Мэй-дэй… Рейнборо крепкий парень, ему не просто худо с сердцем стало. Это Остров Сокровищ его достает, не дает бороться. Рей, держись.
А ведь если Крис с Юной-Вэл займутся делом, проклятая планета и вовсе их убьет. У меня озноб прошел по коже. Разве что в той норе они сумеют что-нибудь сварганить… Я двинулся взглянуть, куда приглашаю людей.
Фонарика у меня не было, и едва сунувшись в лаз, я подумал, что иду напрасно. Наклонный ход оказался длинным; спускаться по ступеням, скрючившись, было зверски неудобно. Наконец я ощутил под ногами ровный пол и осторожно выпрямился. Голова уперлась в потолок. Я отодвинулся от входа, чтобы вниз просочился свет. Далеко не отодвинешься: тесно. Расставив локти, я уже мог коснуться ими стен. На полу я обнаружил небогатое хозяйство: маленький пульт, плоский корпус какого-то аппарата и приличных размеров куб, где можно было сидеть. Наверняка батарея питания, которую отключил Хэндс. Это будет место для Юны-Вэл, а Крис может и на ногах постоять.
Я прислушался к собственным ощущениям. Ничего особенного, никакой явной свободы от RF. Может, я все придумал и зря погнал сюда Криса Делла? И беднягу Рейнборо напрасно поставил под удар? В тревоге, я вылез на поверхность.
Возле глайдера топтался растерянный сквайр, рядом стояли Том и охранники. Лисовин бросился ко мне:
— Питер умирает. Нас выгнали…
— Пойдем, пожалеем.
— Что-о? — Том решил, что я насмехаюсь.
— Ты вчера жалел мистера Смоллета и Криса. Им это помогало.
Мы забрались в салон. Рейнборо с кислородной маской на лице лежал в кресле, рядом на полу скорчился Мэй, положив обе ладони пилоту на сердце; тут же стоял доктор Ливси с диагностером в руках. Судя по опущенным плечам, надежды у него не было. Он обернулся, услышав нас.

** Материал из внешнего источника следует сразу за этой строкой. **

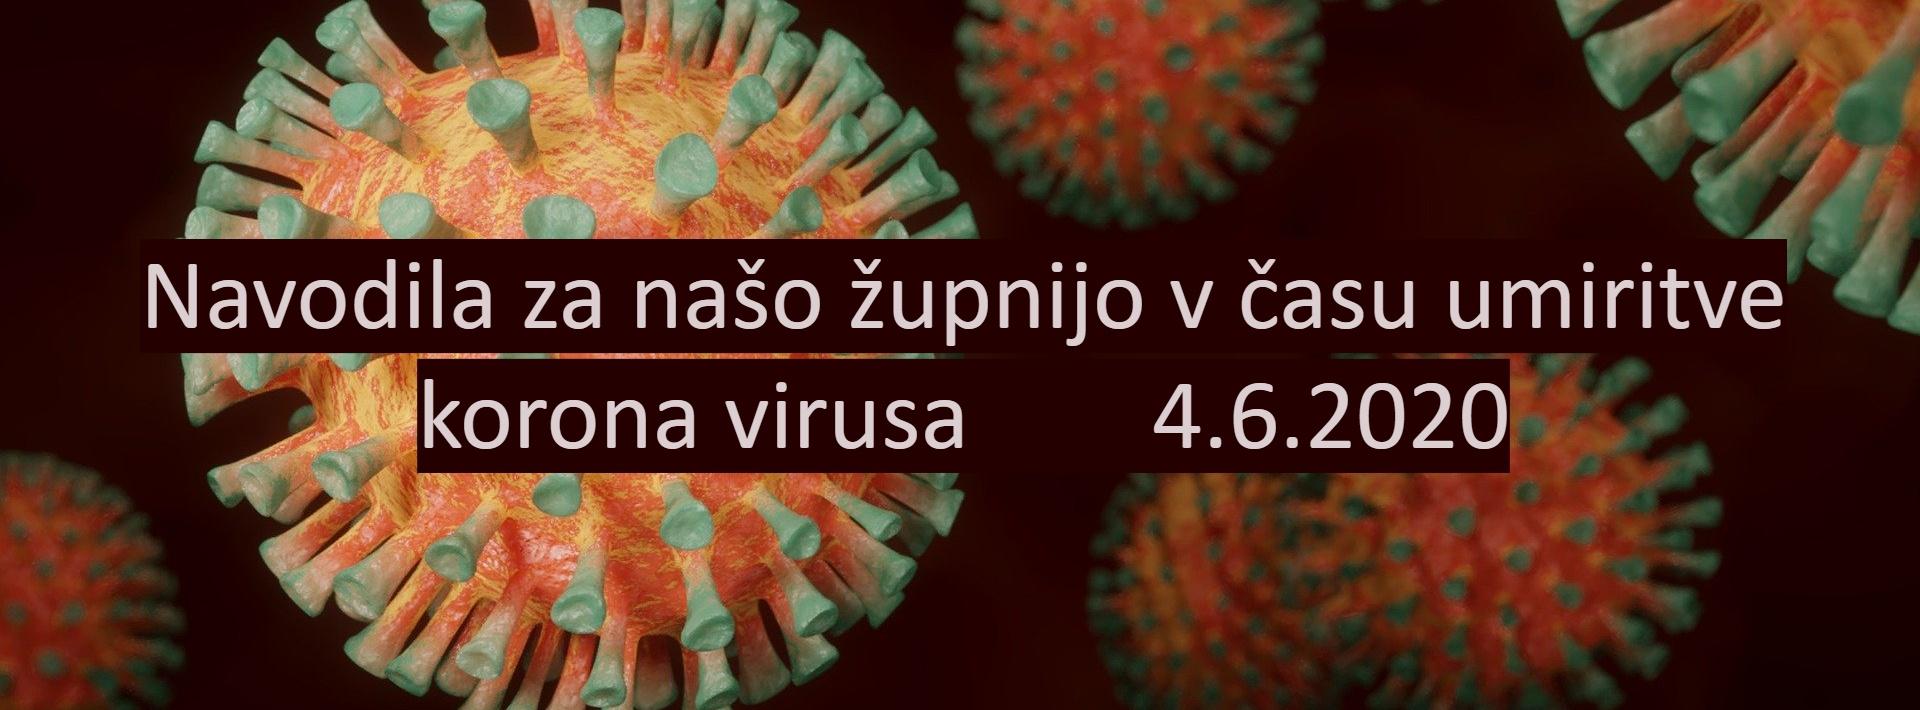 virusi 7 razred versuri de artparazite
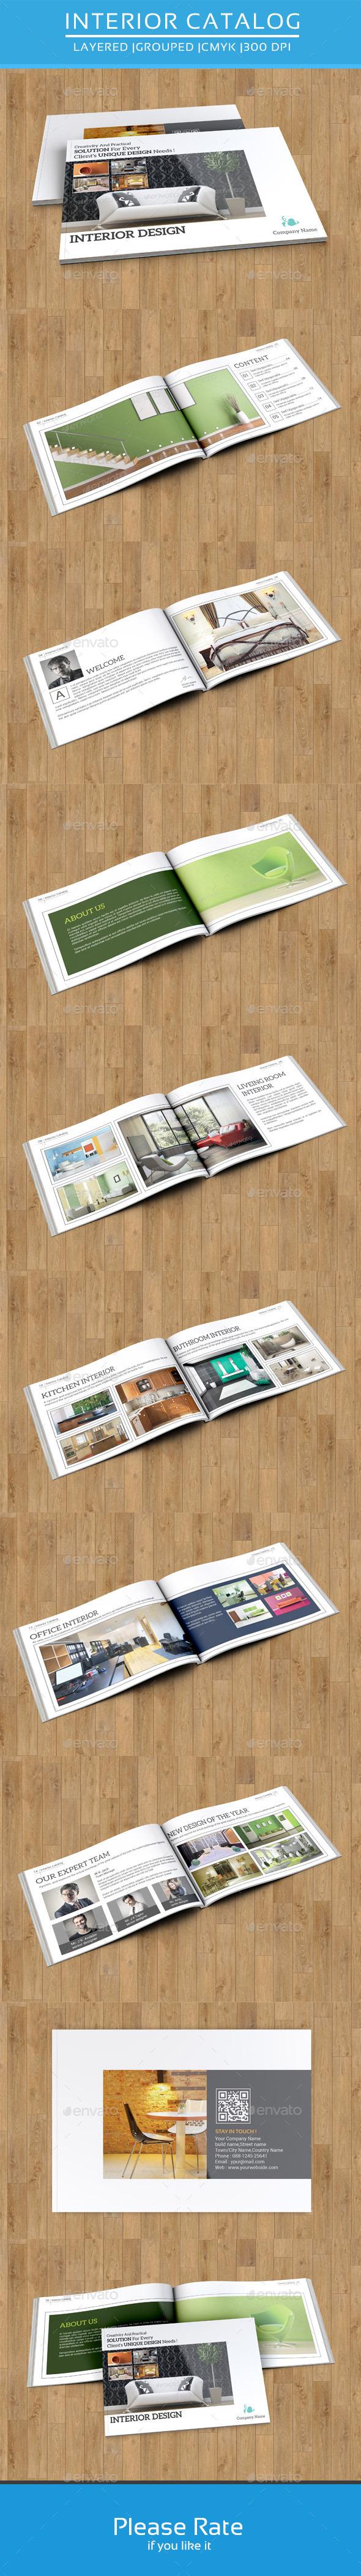 Interior Catalog Template-V36

— Мэй уже отдал все, что мог. — Доктор посторонился, пропуская меня к навигатору.
Я не умею просто жалеть. Лучше сделаю что-нибудь нужное; могу спасать или драться, защищая, а бездейственно жалеть — не по моей части. Это у нас лисовин мастер. Поэтому я сел на корточки рядом с Мэем и взял его за плечи. Побелевшие руки навигатора, лежащие у Рейнборо на груди, дрогнули.
— Забирай все. — Я слышал эту фразу от Джоба Андерсона, когда наш капитан пытался отвоевать Юну-Вэл у Чистильщиков.
Подле меня устроился Том, коснулся руки пилота. Я видел, как задрожали и горестно опустились его биопластовые усы, а потом в глазах у меня начало темнеть от слабости. Однако я еще был в состоянии думать.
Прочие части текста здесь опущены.